To Market — Faster
Quality-assurance equipment helps dairy processors
move product more efficiently.
by Shonda Talerico Dudlicek
Spurred by growing
consumer and government awareness that food safety and quality are critical
public health issues, dairy processors now face more demanding
pasteurization-testing regulations.
Traditional pasteurization tests, such as the Scharer
Rapid Phosphatase colorimetric test, will no longer be accepted, requiring
new technologies that can provide more sensitive levels of the enzyme
alkaline phosphatase (ALP).
The transition is underway to find testing
technologies that offer dramatically higher performance. Two options
meeting the new ALP limit requirements are the Fluorophos ALP test and
chemiluminescence.
The Fluorophos ALP test is offered by Advanced Instruments,
Norwood, Mass.; and Weber Scientific, Hamilton, N.J.

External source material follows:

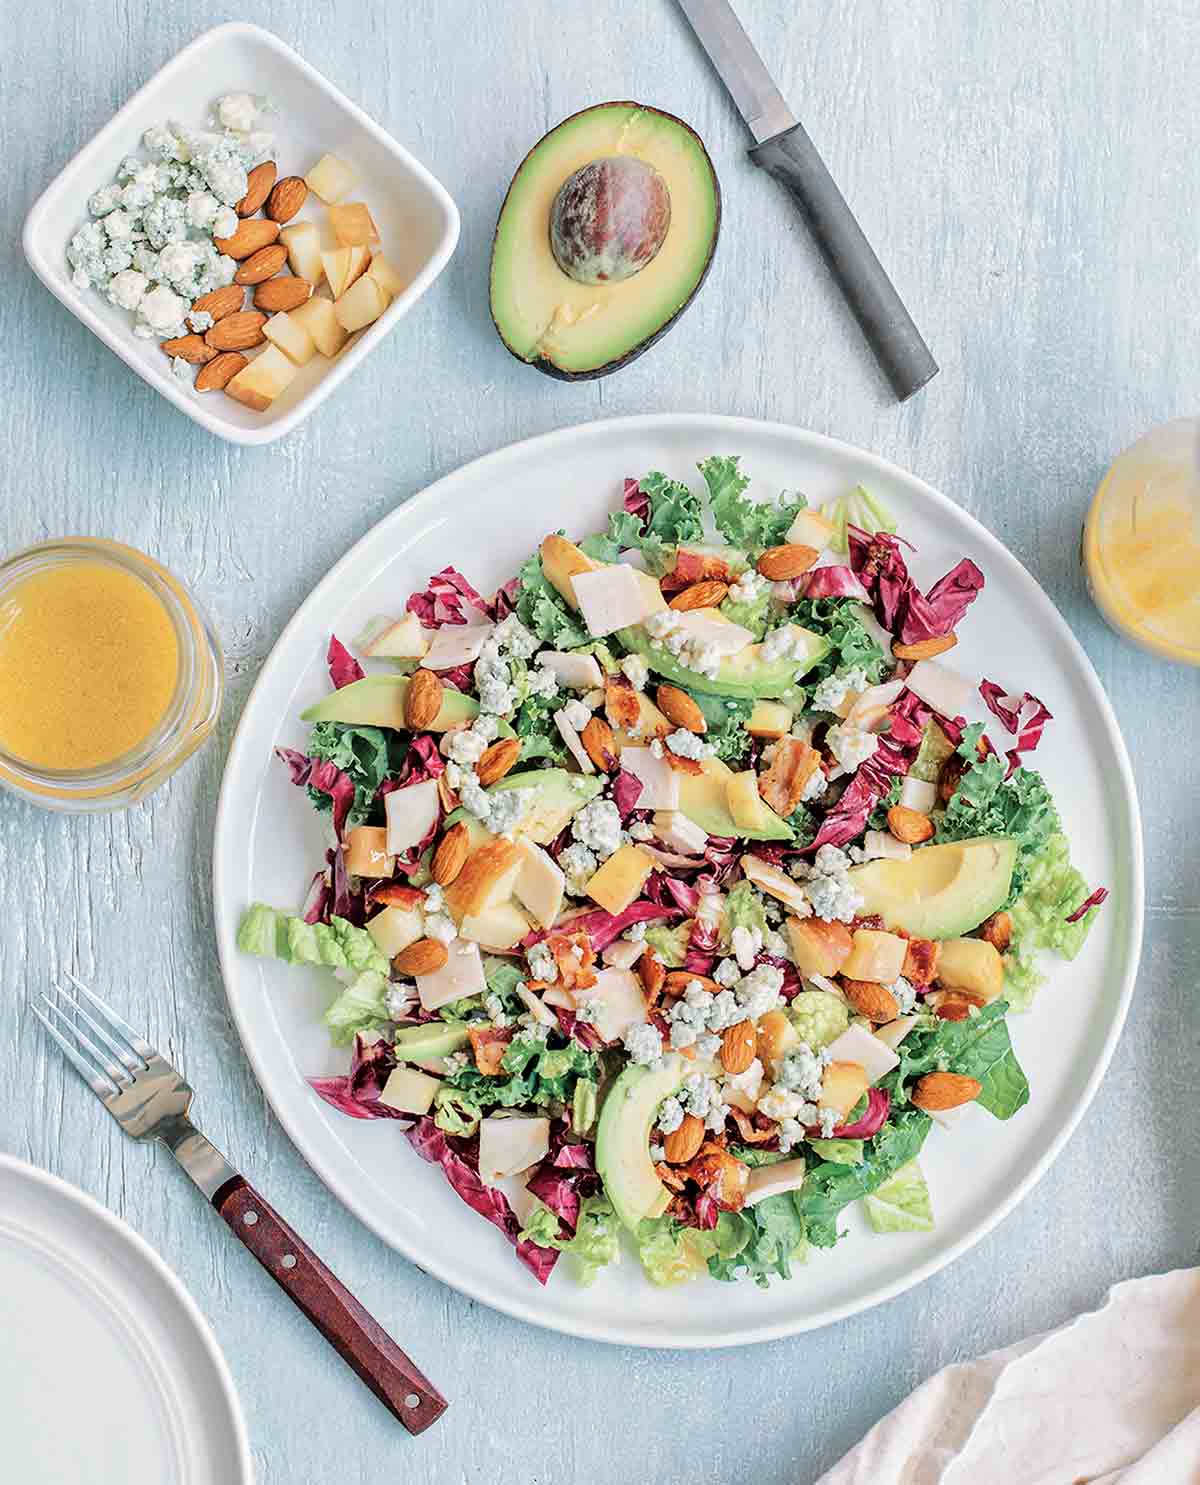 Chopped salad on a white plate, with a fork and knife, halved avocado, and dish of blue cheese, almonds, and apple on the side.

“It’s based on the same chemistry
used in colorimetric tests, but involves the liberation of a chemical
measured by fluorescence rather than color,” says Ken Micciche,
director of marketing at Advanced Instruments. “It uses an automated
fluorometer and a fluorometric assay. The test is more sensitive, quicker
and more reproducible than older methods. With fluorophos, the instrument
interprets the results instead of a technician. This improves accuracy and
dramatically reduces the evaluation process from 90 minutes to three
minutes.”
A properly performed Scharer test will
effectively determine if a dairy product was fully pasteurized, and a major
benefit is that it only costs pennies per test, says Fred Weber, president
of Weber Instruments, Hamilton, N.J. “As of March 1, 2005, the Food
and Drug Administration will require a pasteurization efficiency test with
detection levels slightly below that of Scharer. Effectively, this can only
be done with a fluorometer-based instrumentation system, such as the
Fluorophos ALP test system,” Weber says. “It offers very fast
and precise results, but at a significantly higher cost” than the
decades-old Scharer test.
Chemiluminescence uses a substrate reagent that
produces a light intensity directly proportional to the amount of
phosphatase enzyme in the sample. The light is scanned by an automated
luminometer that interprets the results, and with a sensitivity level of
0.005 percent raw milk, the new test surpasses the accuracy of the old
test.
But even with a four-minute assay sample time, a
technician must run a stop solution step with each assay. Costs per test
are higher than the fluorophos and a control must be run with each sample.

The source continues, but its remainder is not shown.